The conviction of Dr. Binayak Sen under Section 124A of the Indian Penal Code (IPC), among other offences, by a trial court in Raipur, and charges of sedition threatened against Arundhati Roy, Varvara Rao and S.A.R. Geelani, who spoke at a seminar titled 'Azadi, the Only Way' organized by the Committee for the Release of Political Prisoners in Delhi, have given an urgent new voice to the debate on the relevance of the law on sedition, as media personnel and human rights activists across the country continue to be suppressed by this section.

The particular injustice of convicting a person who has merely exercised his constitutional right to freedom of expression has attracted the nation's attention to the draconian colonial legacy of a hundred- and forty-year-old offence. The truth remains that while the SC has stayed firm in its opinion on sedition from Kadar Nath onwards, the lower courts seem to continuously disregard this interpretation of the law, most recently seen in the verdict against Dr Binayak Sen.

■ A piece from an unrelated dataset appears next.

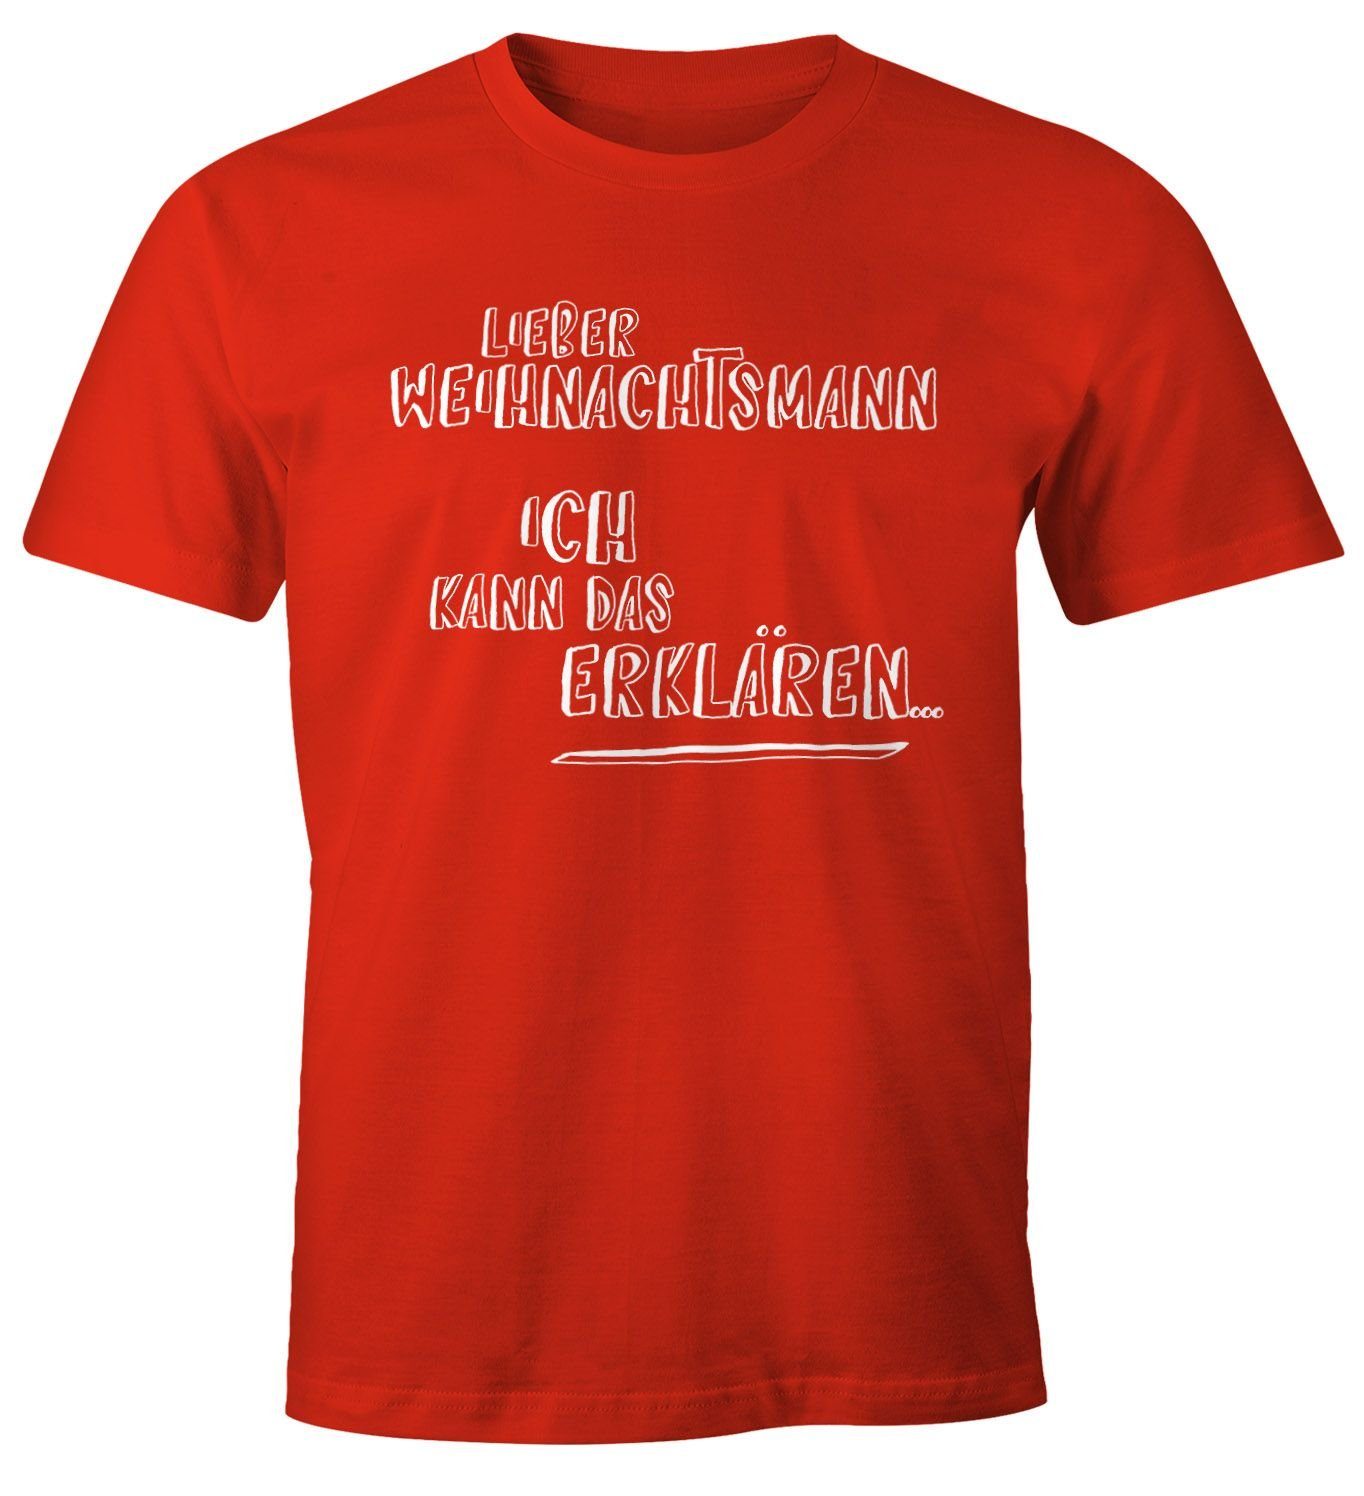 MoonWorks Print-Shirt Herren T-Shirt Weihnachten Lieber Weihnachtsmann Ich kann das erklären lustiges Weihnachtsshirt Moonworks® mit Print rot
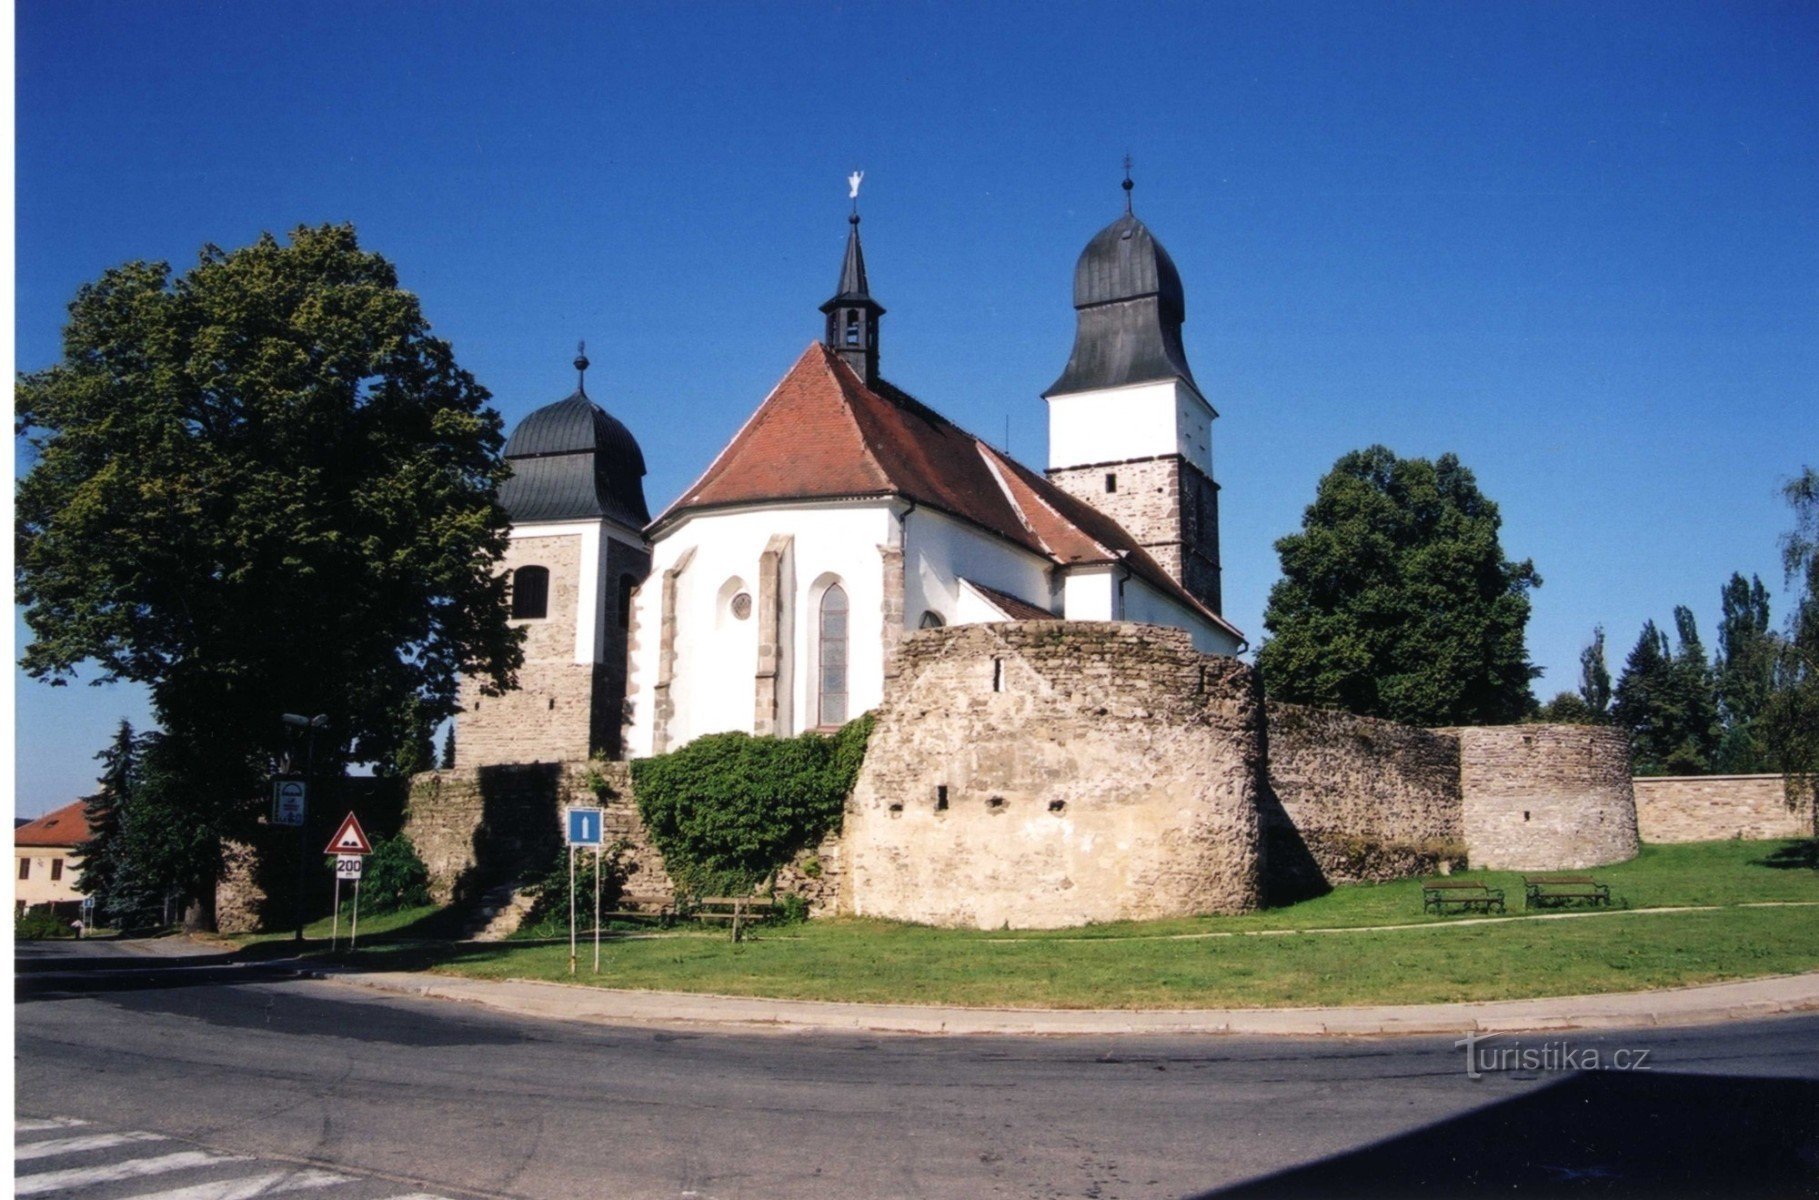 Velká Bíteš - nhà thờ kiên cố

The law on sedition is being used to stem any sort of political dissent in the country, and also any alternate political philosophy which goes against the ruling party's mindset. It is a throwback to the days of British Rule, when the speeches of Tilak and Gandhi used to warrant persecution for they spoke out against the British Rule, but one asks in a country providing a fundamental right to freedom of speech, is such criticism not a right of the individual, so long as it remains within reasonable restrictions?

The charge of sedition law being used to stem dissent is not without force; Binayak Sen, Arundhati Roy, Dr E. Rati Rao, Bharat Desai, Manoj Shinde, V Gopala swamy (Aiko), all these individuals did things far from creating a tendency to incite violence against the state, and were expressing their opinion through speeches or writings which criticized specific activities of the State.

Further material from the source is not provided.